U.S. House panel will vote on whether to ban TikTok next month

Earlier this week, the House Foreign Affairs Committee announced that a bill seeking to ban the use of China's popular app TikTok in the United States will be voted on next month by the committee.

According to Representative Michael McCaul, the Republican chair of the panel, the bill would provide the White House with the legal tools it needs to ban TikTok due to concerns about U.S. national security.

In an interview with Bloomberg News, McCaul told the outlet that he was concerned the app creates a back door for the Chinese government to gain access to his phones.

A series of court battles over the use of TikTok in the United States resulted in a loss for the then-President Donald Trump's attempt to ban new users from downloading the app, ban other transactions, and effectively halt its use in the country, but to no avail.

It was officially abandoned by the Biden administration in June 20 Following that, Republican Senator Marco Rubio introduced a bipartisan bill in December calling for the ban on TikTok, as well as the blocking of all transactions from social media companies operating in or under the influence of China and Russia.

It is also important to note that a ban of this short video app would require 60 votes in the Senate to become law, and would face significant hurdles in Congress that would make it hard to pass.

As TikTok has been working to assure Washington for the past three years that the personal data of Americans cannot be accessed by Chinese Communist Party officials or anyone else under Beijing's influence, the company has been seeking to assure Washington that there will be no access to personal information of Americans or any manipulation of their content.

During a conference call Friday, TikTok said "calls for a complete ban on TikTok would separate national security from the broader issues of data security, privacy, and online harms that exist across the industry.".

Due to concerns that U.S. user data would be in the hands of China as soon as the firm divested the company, the Committee on Foreign Investment in the United States (CFIUS), a significant national security body of the U.S. government, ordered ByteDance to divest TikTok in 2020.
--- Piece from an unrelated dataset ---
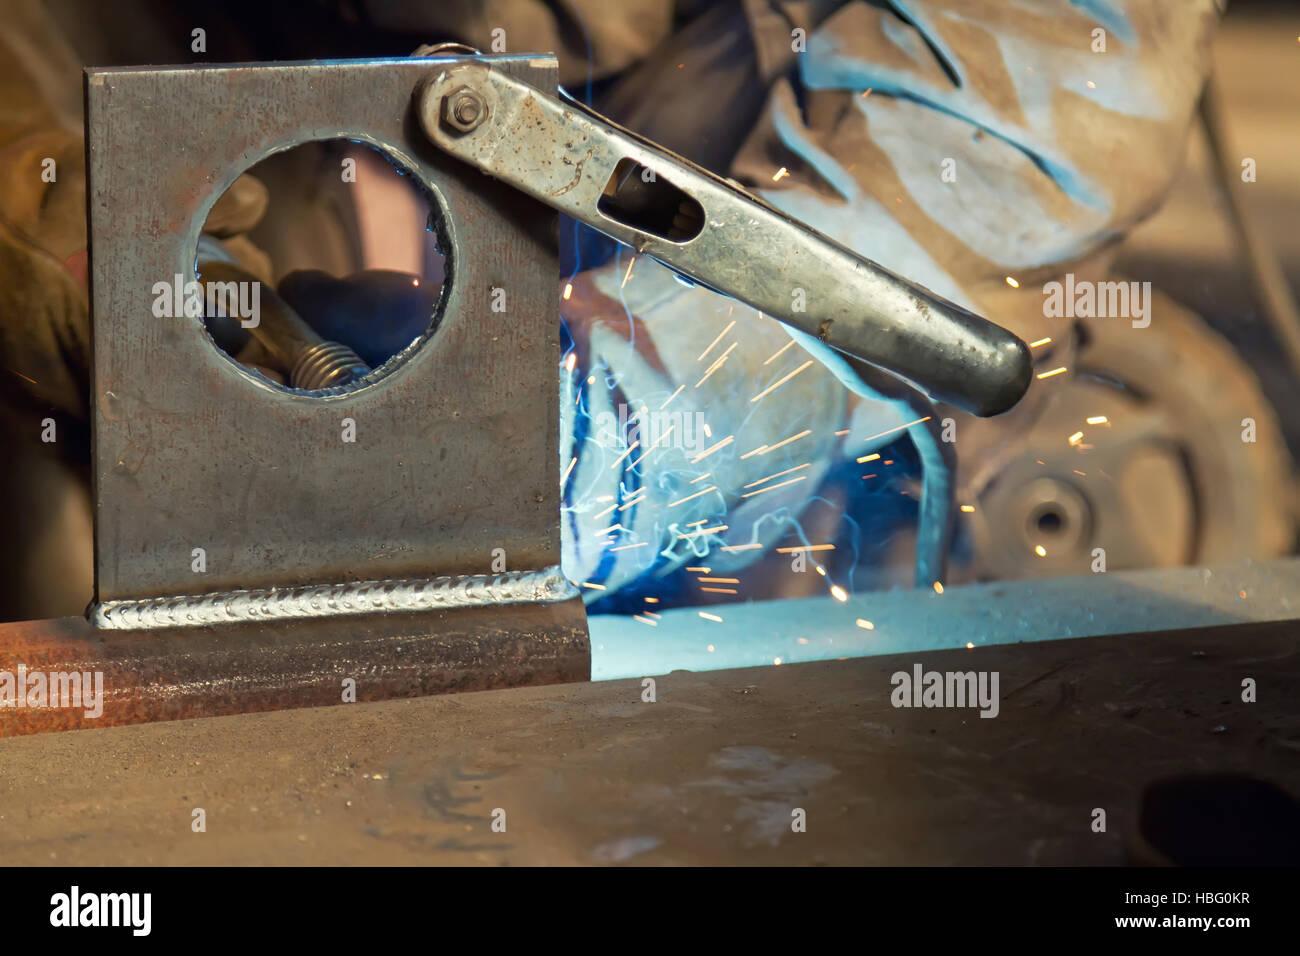 La fabbricazione mediante saldatura semiautomatica Immagini Stock

In a national security agreement for the protection of the data of U.S. TikTok users, CFIUS and TikTok have been in talks since 2021, in order to reach a national security agreement.

As part of its commitment to guarantee that there are no backdoors into TikTok that could be exploited to manipulate the platform, TikTok has invested roughly $5 billion in its efforts thus far in order to ensure a "comprehensive package of measures with layers of government and independent oversight" and has invested a lot of time in ensuring that.

According to the White House press secretary, Karine Jean-Pierre, the legislation is being reviewed by the Committee on Foreign Investment in the United States (CFIUS). As such, she will not be providing any further details concerning the bill.

There are more than 25 U.S. states that have already banned the use of TikTok on state-owned devices as well as federal employees using or downloading it. In addition, Biden signed legislation last month that bans federal employees from using or downloading TikTok on government-owned devices.